**What you are asked to do**
Type the listing below out again exactly. No images.

**Dataset extract**
****
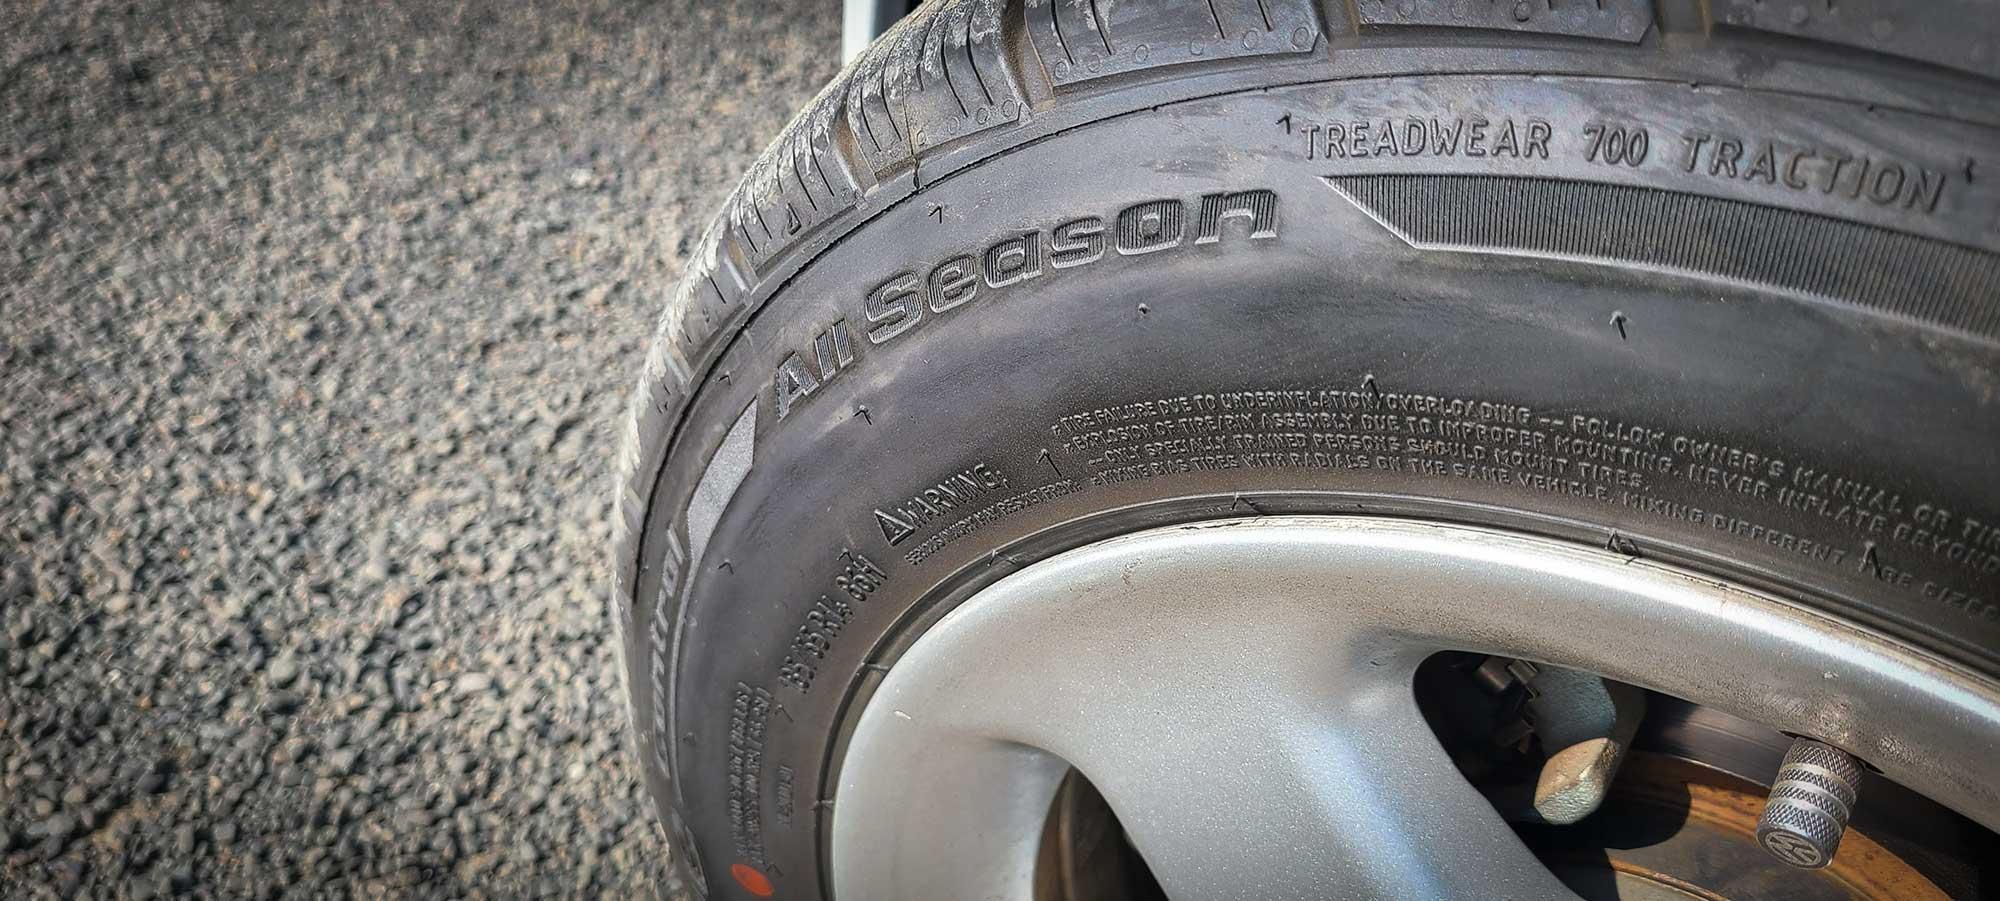 All-season BFGoodrich tire
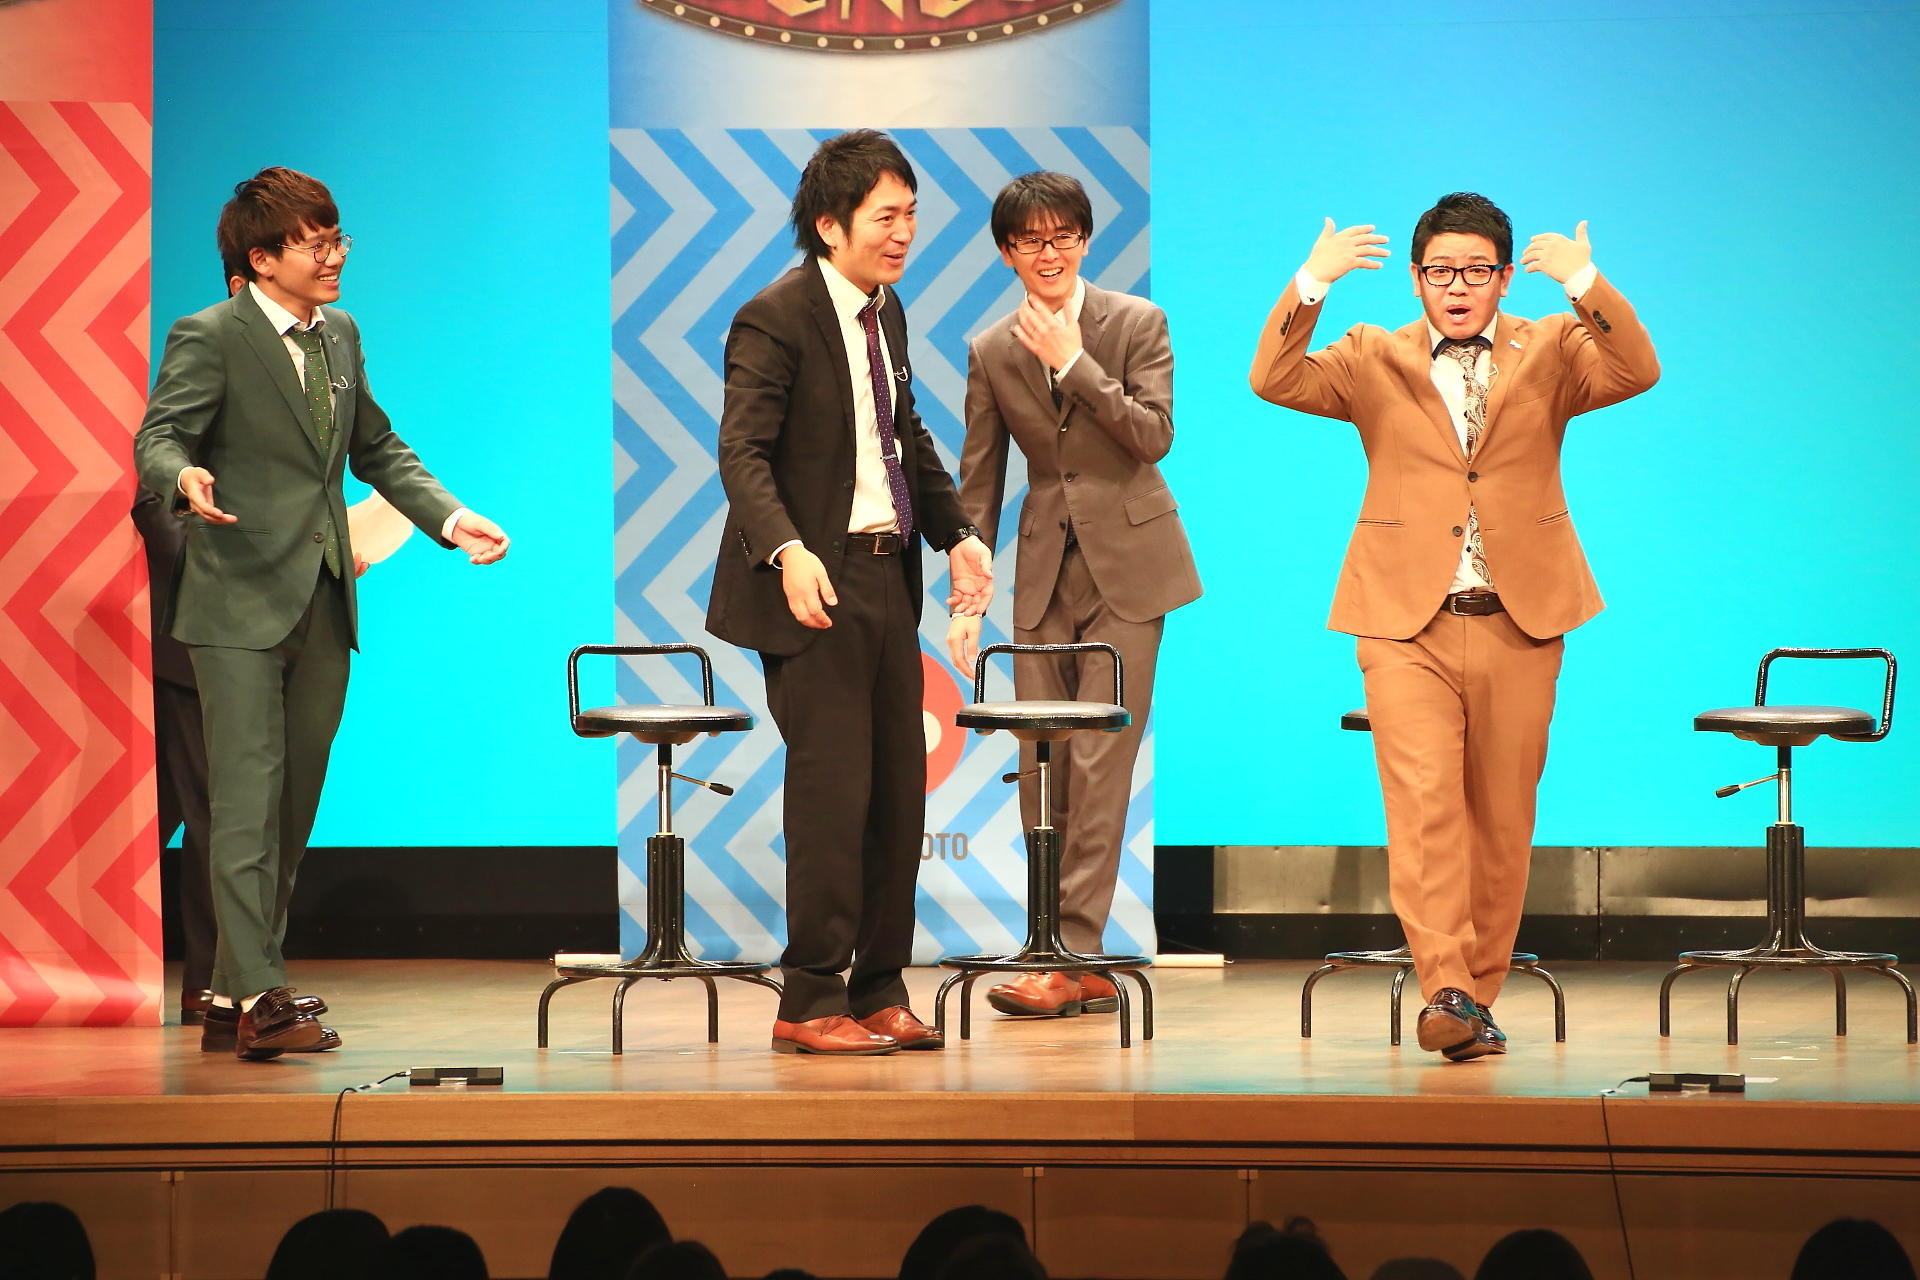 http://news.yoshimoto.co.jp/20171112095237-1da0ce2ed1622ab2cec23ead51d6b3ccfb0318f6.jpg
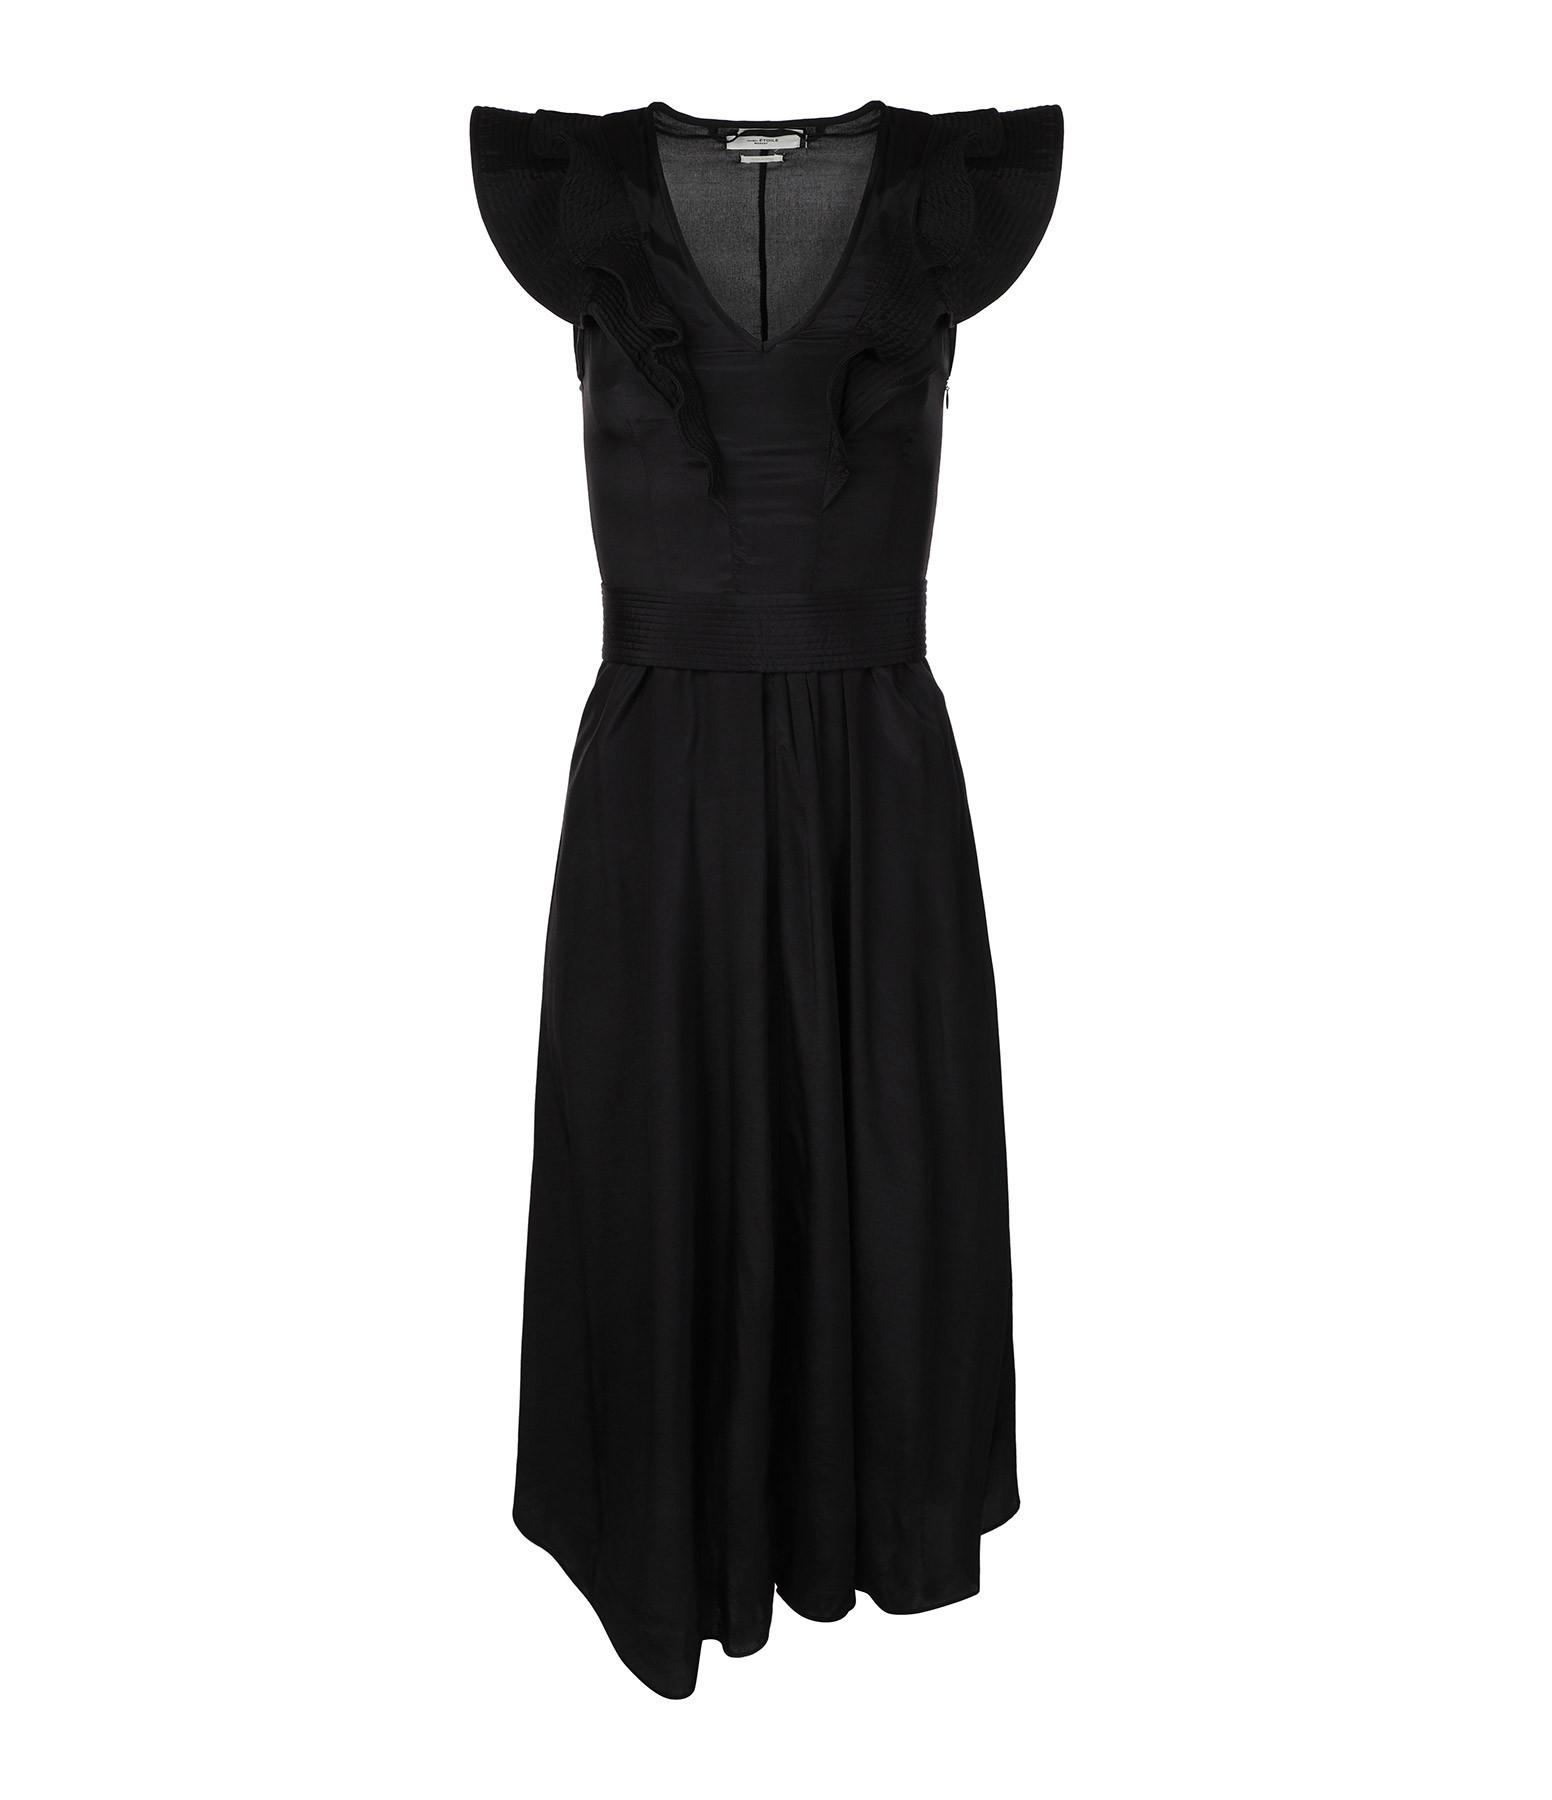 ISABEL MARANT ÉTOILE - Robe Coraline Noir
****
**Result of the task**
 All-season BFGoodrich tire
 http://news.yoshimoto.co.jp/20171112095237-1da0ce2ed1622ab2cec23ead51d6b3ccfb0318f6.jpg
 ISABEL MARANT ÉTOILE - Robe Coraline Noir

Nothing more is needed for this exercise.